- _PROVIDED ENTRIES_
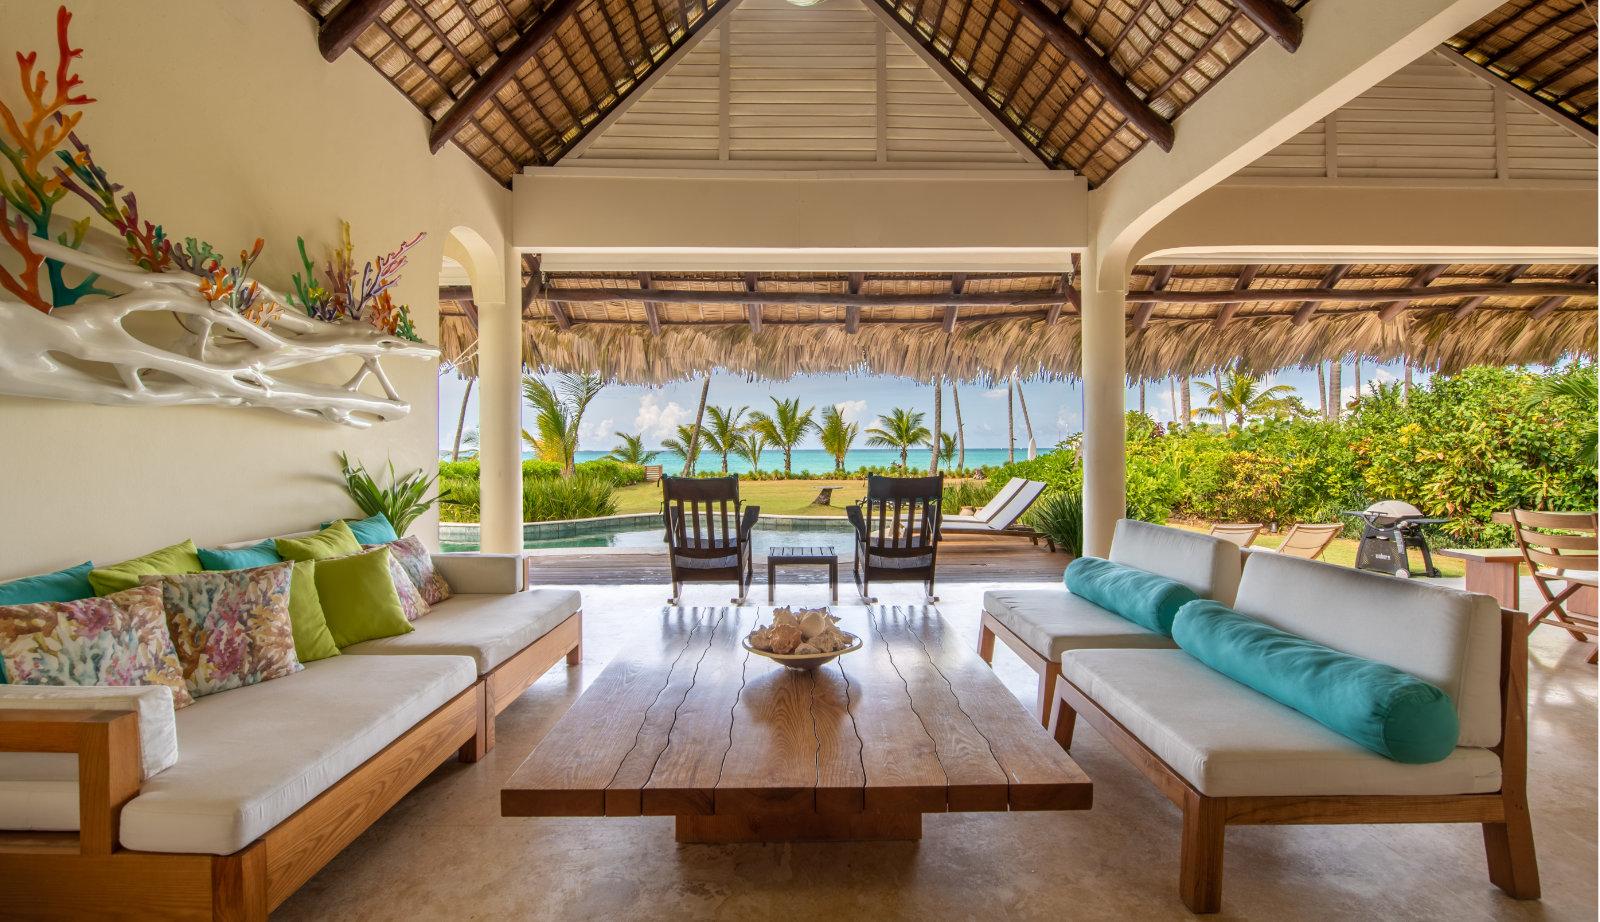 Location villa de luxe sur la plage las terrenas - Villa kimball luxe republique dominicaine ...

* * *

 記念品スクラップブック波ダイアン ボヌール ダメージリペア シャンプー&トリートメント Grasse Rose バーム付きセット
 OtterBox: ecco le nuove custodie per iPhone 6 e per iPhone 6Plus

* * *

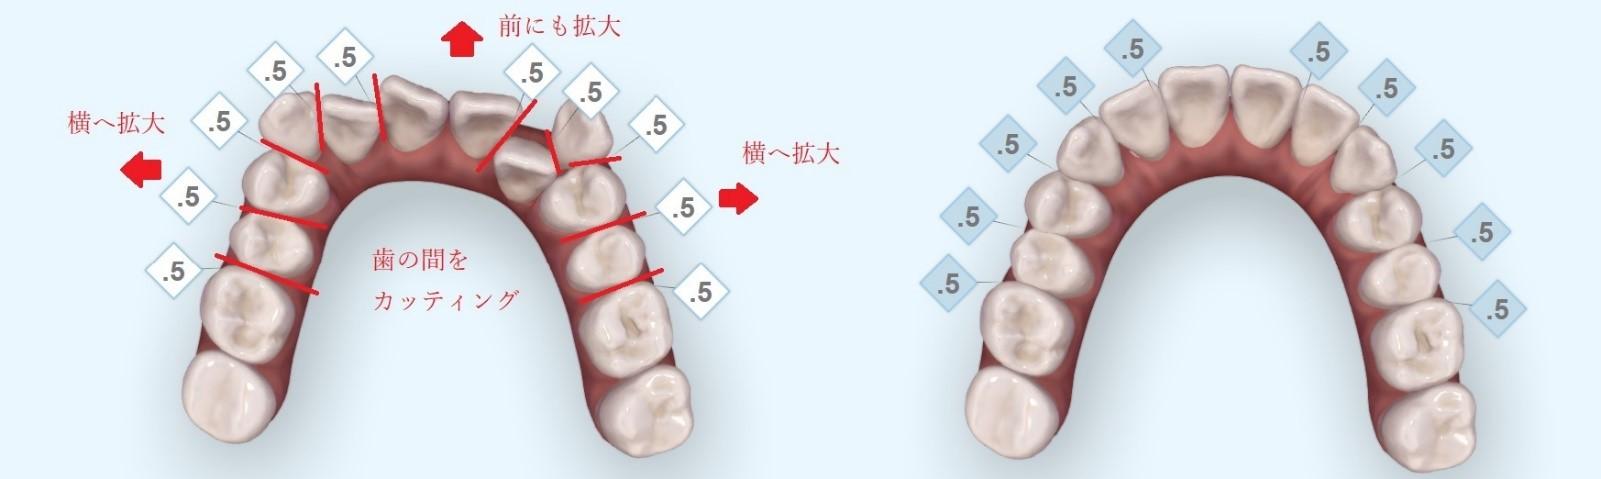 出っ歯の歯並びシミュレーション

- _EXERCISE DIRECTIONS_
Where the data above reaches the line holding "記念品スクラップブック波ダイアン ボヌール ダメージリペア", begin printing, and stop after the line holding "OtterBox: ecco le". Each line must be reproduced exactly, with nothing else added.

- _TASK OUTPUT_
 記念品スクラップブック波ダイアン ボヌール ダメージリペア シャンプー&トリートメント Grasse Rose バーム付きセット
 OtterBox: ecco le nuove custodie per iPhone 6 e per iPhone 6Plus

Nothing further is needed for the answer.